# Canada PR with job offer in hand from BC Employer



## sdgmits (Feb 4, 2019)

I am 35 yrs old, Indian, IT professional with 12 years of IT experience. I have already received an offer from an IT company, which is headquartered in Montreal, but my work location as per offer letter is going to be Victoria, British Columbia. This is a reputed company and saying that this is an LMIA position. I haven't given IELTS.

My questions are:

1. Am I be eligible for BC PNP Tech Pilot Program? 
​how many points will I be getting? 
​What is the current cut-off?
2. Am I be eligible for BN PNP only and how many points I would need.
3. What is the processing time to get PNP nomination invitation?
4. How soon can I apply for PNP - either BC PNP or BC PNP Tech Pilot? 
​Can I apply right away after accepting the offer? 
​or should I wait until I come down to Canada?
5. What is the processing time to get PR and how soon I can get it?

6. Do I need to validate anything else in job-offer to make sure it is legit?

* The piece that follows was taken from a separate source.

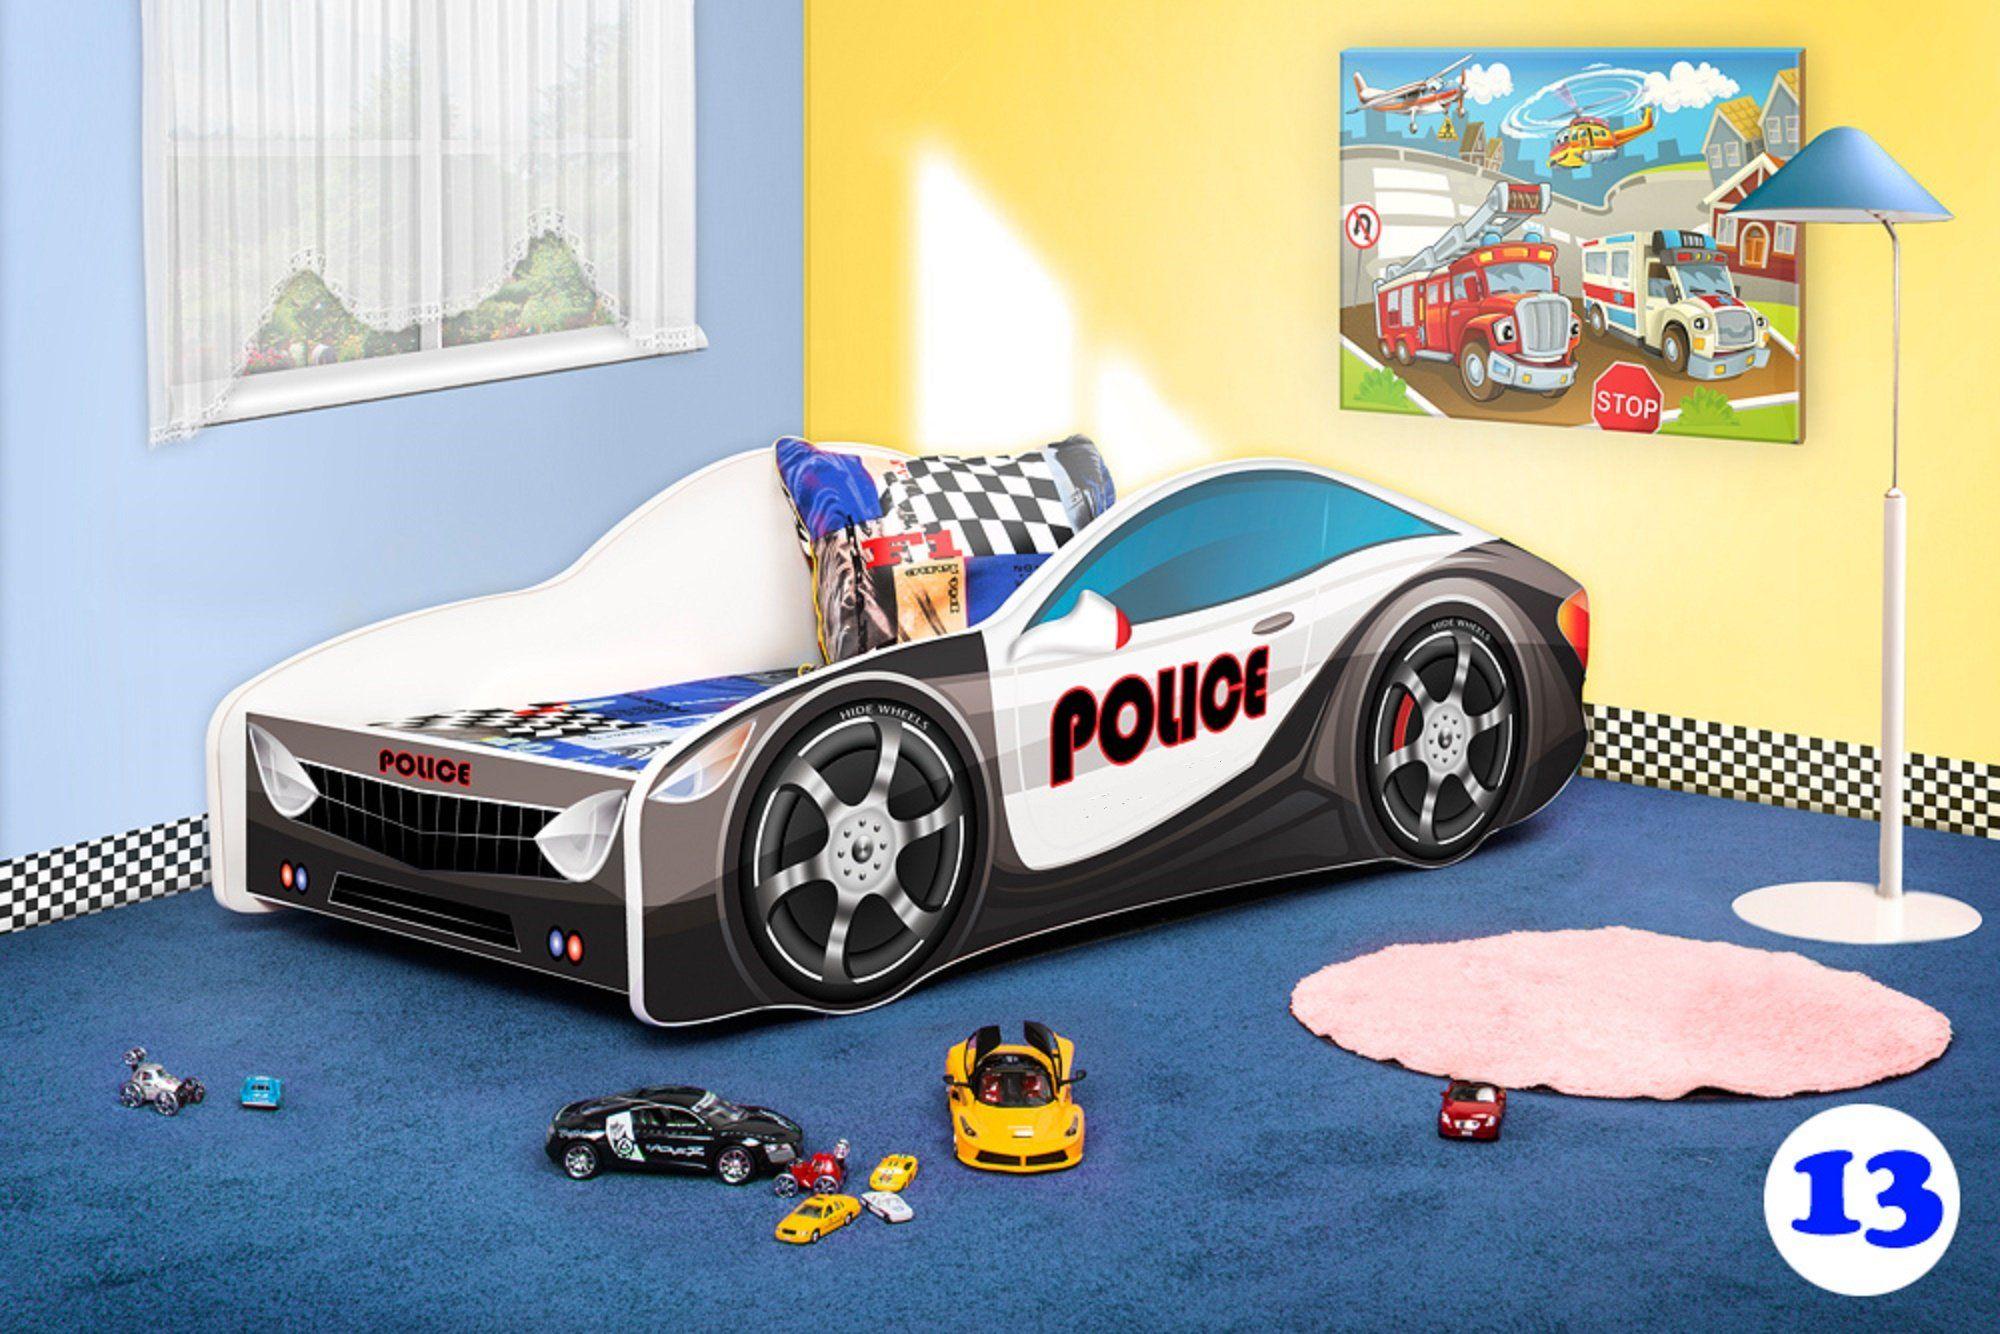 Police Car Twin Platform Bed Frame For Children Boys S Kids Bedroom Furniture

Other Information related to me to access my situation:

Age? 35 yrs. Date of Birth: April 1984
Marital Status? Married. Wife - 34 yrs old, Dentist in India. Kids - 2. (one is Indian citizen, other is US citizen).
Level of English and French? yet to give IELTS, but being in USA for 6 years, got somewhat OKiesh type English.
Relatives in Canada? No
Do you have the required funds ( only if applied under (FSW or FSTW)? sufficient funds to financial status.


----------



## colchar (Oct 25, 2011)

With respect to the IELTS - you do not give a test, you take a test.


----------